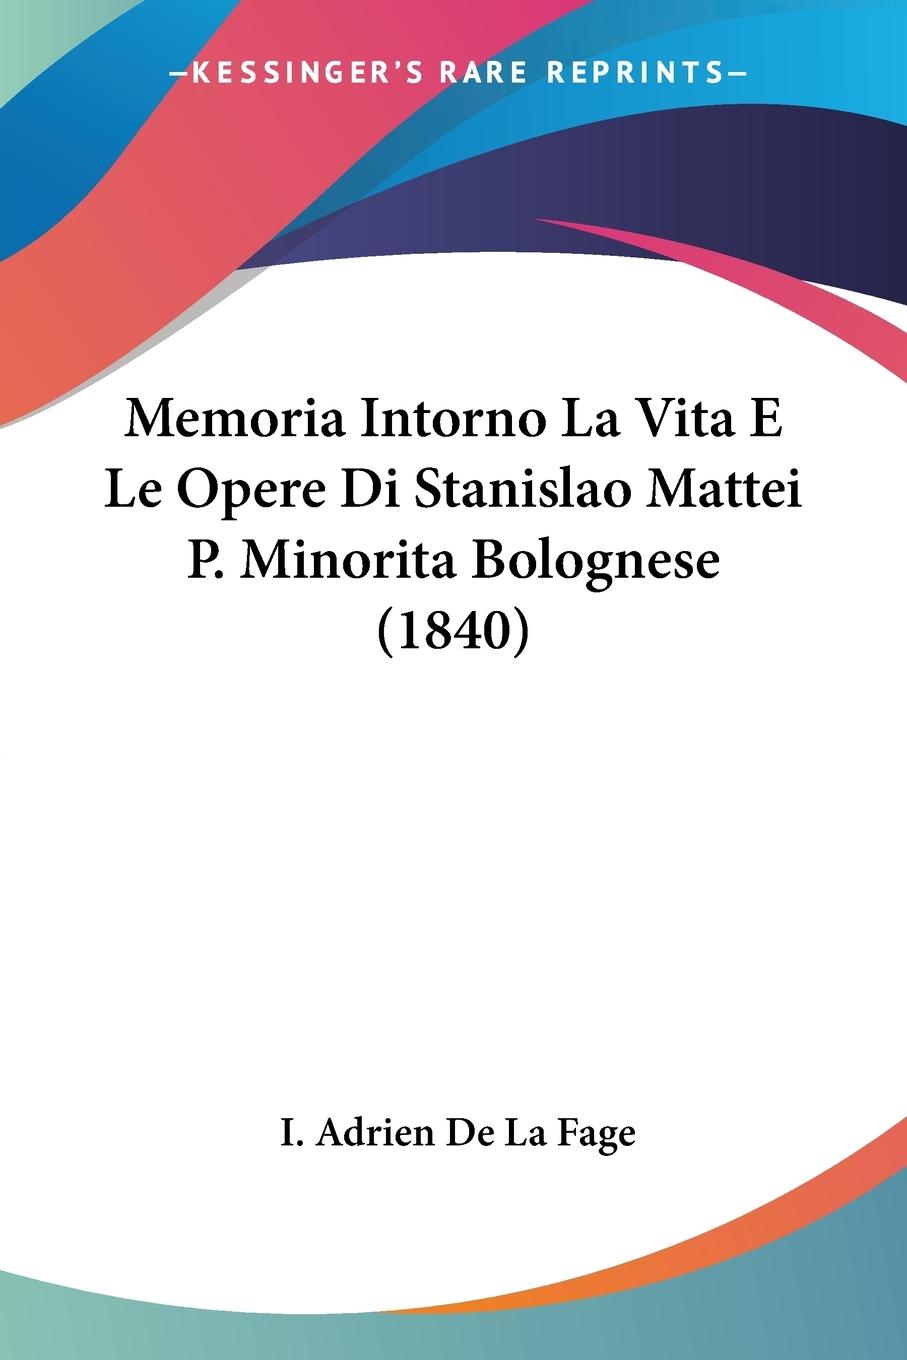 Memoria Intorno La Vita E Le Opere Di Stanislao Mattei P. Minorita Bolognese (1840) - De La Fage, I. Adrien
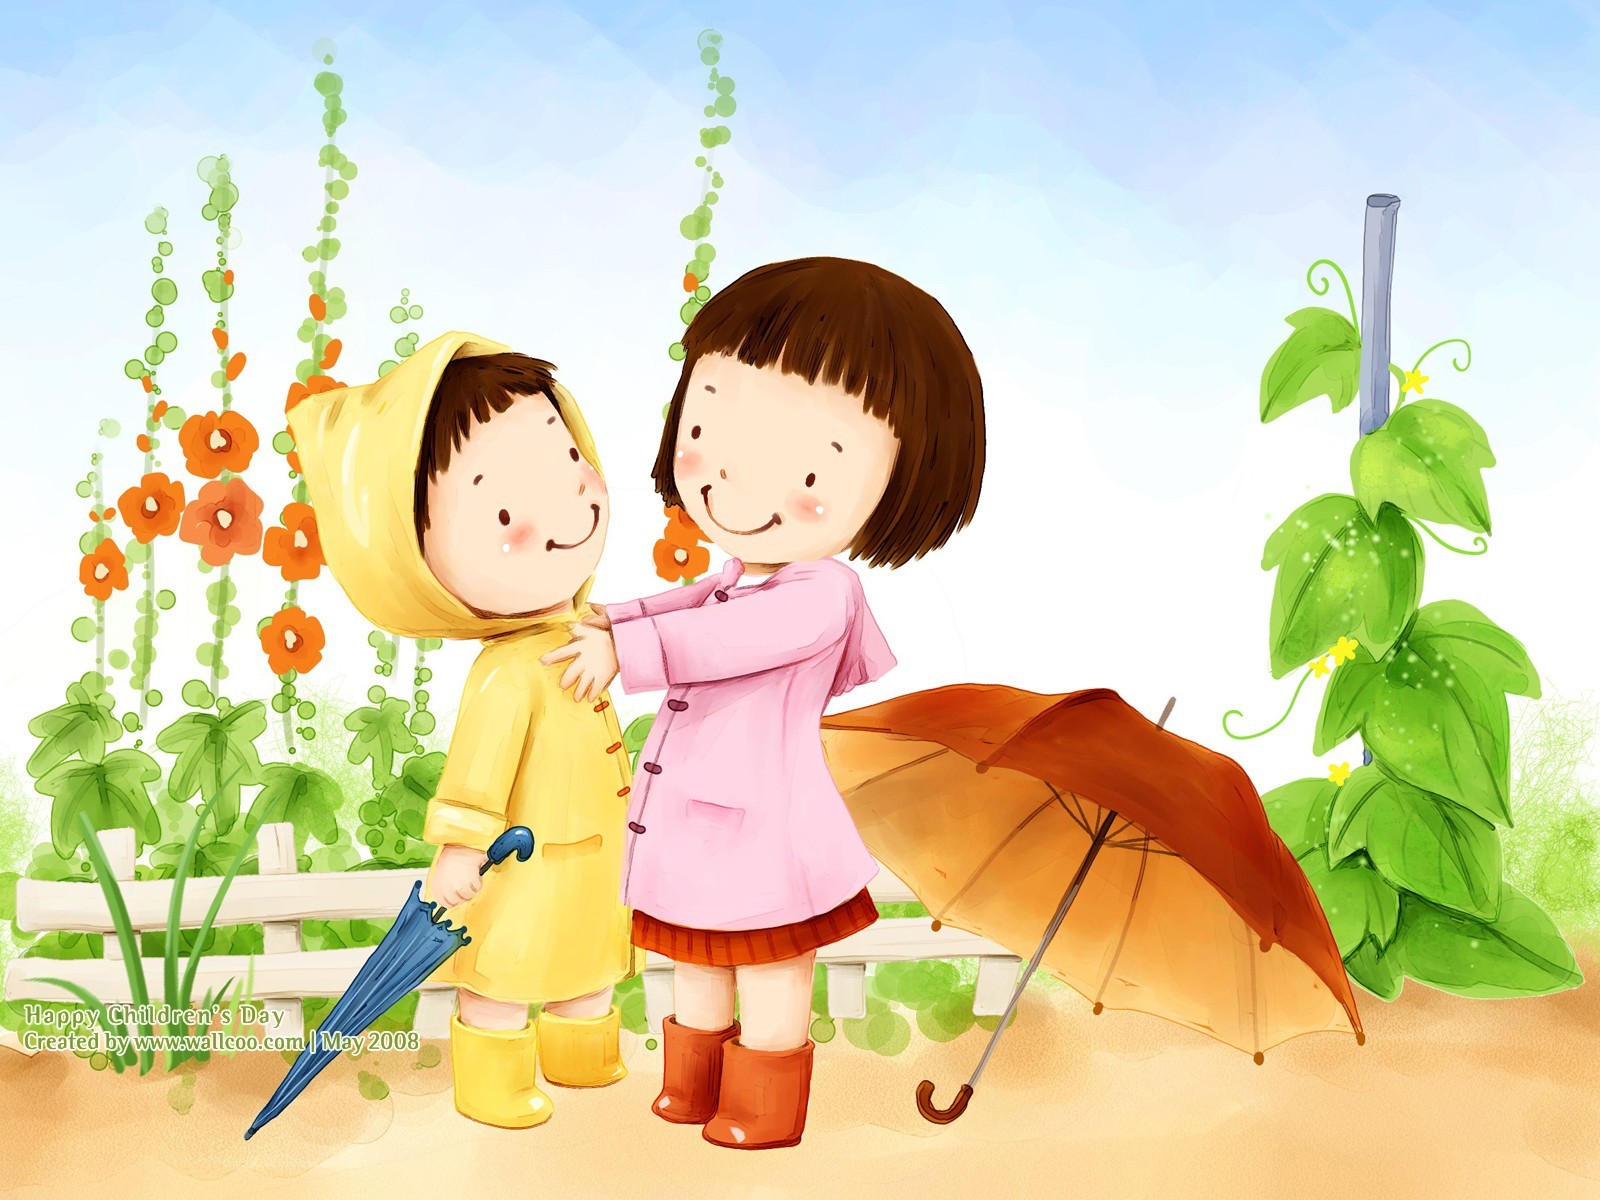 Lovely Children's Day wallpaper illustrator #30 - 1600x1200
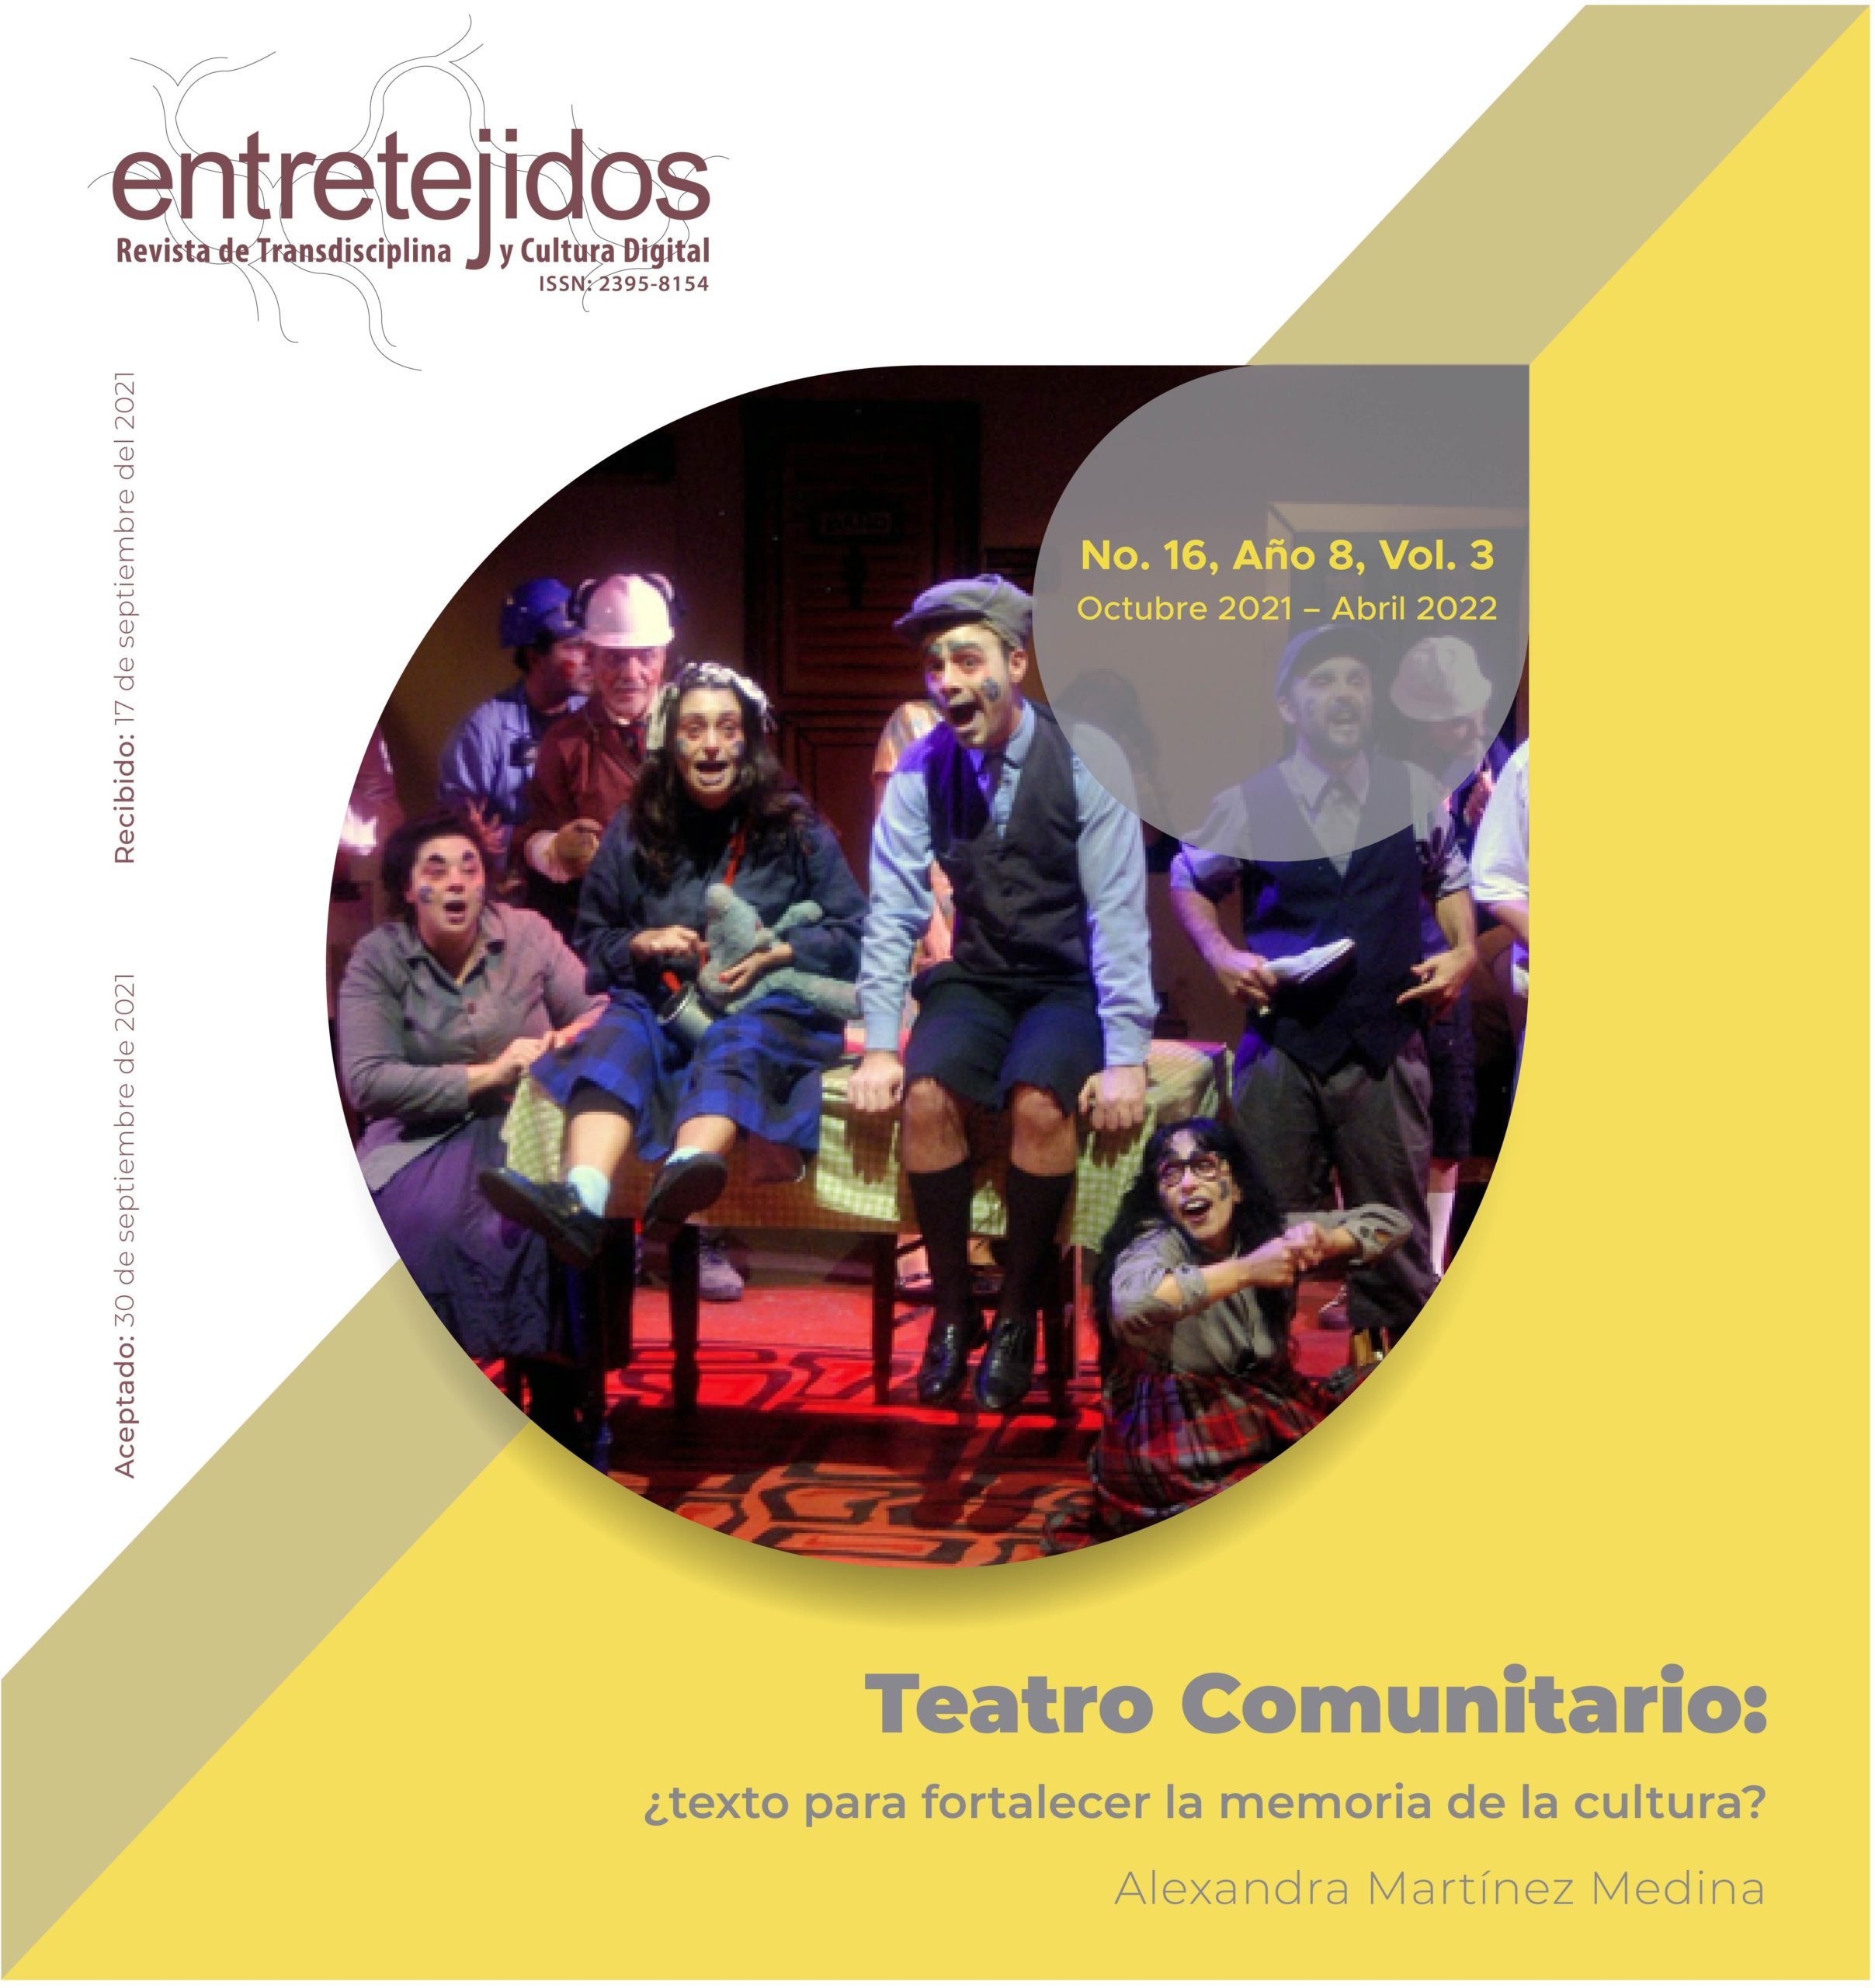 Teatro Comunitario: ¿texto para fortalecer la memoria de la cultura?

# # # # #

> _The problem_
Write out the listing again word for word, but without its pictures.

> _Answer to this task_
 Memoria Intorno La Vita E Le Opere Di Stanislao Mattei P. Minorita Bolognese (1840) - De La Fage, I. Adrien
 Lovely Children's Day wallpaper illustrator #30 - 1600x1200
 Teatro Comunitario: ¿texto para fortalecer la memoria de la cultura?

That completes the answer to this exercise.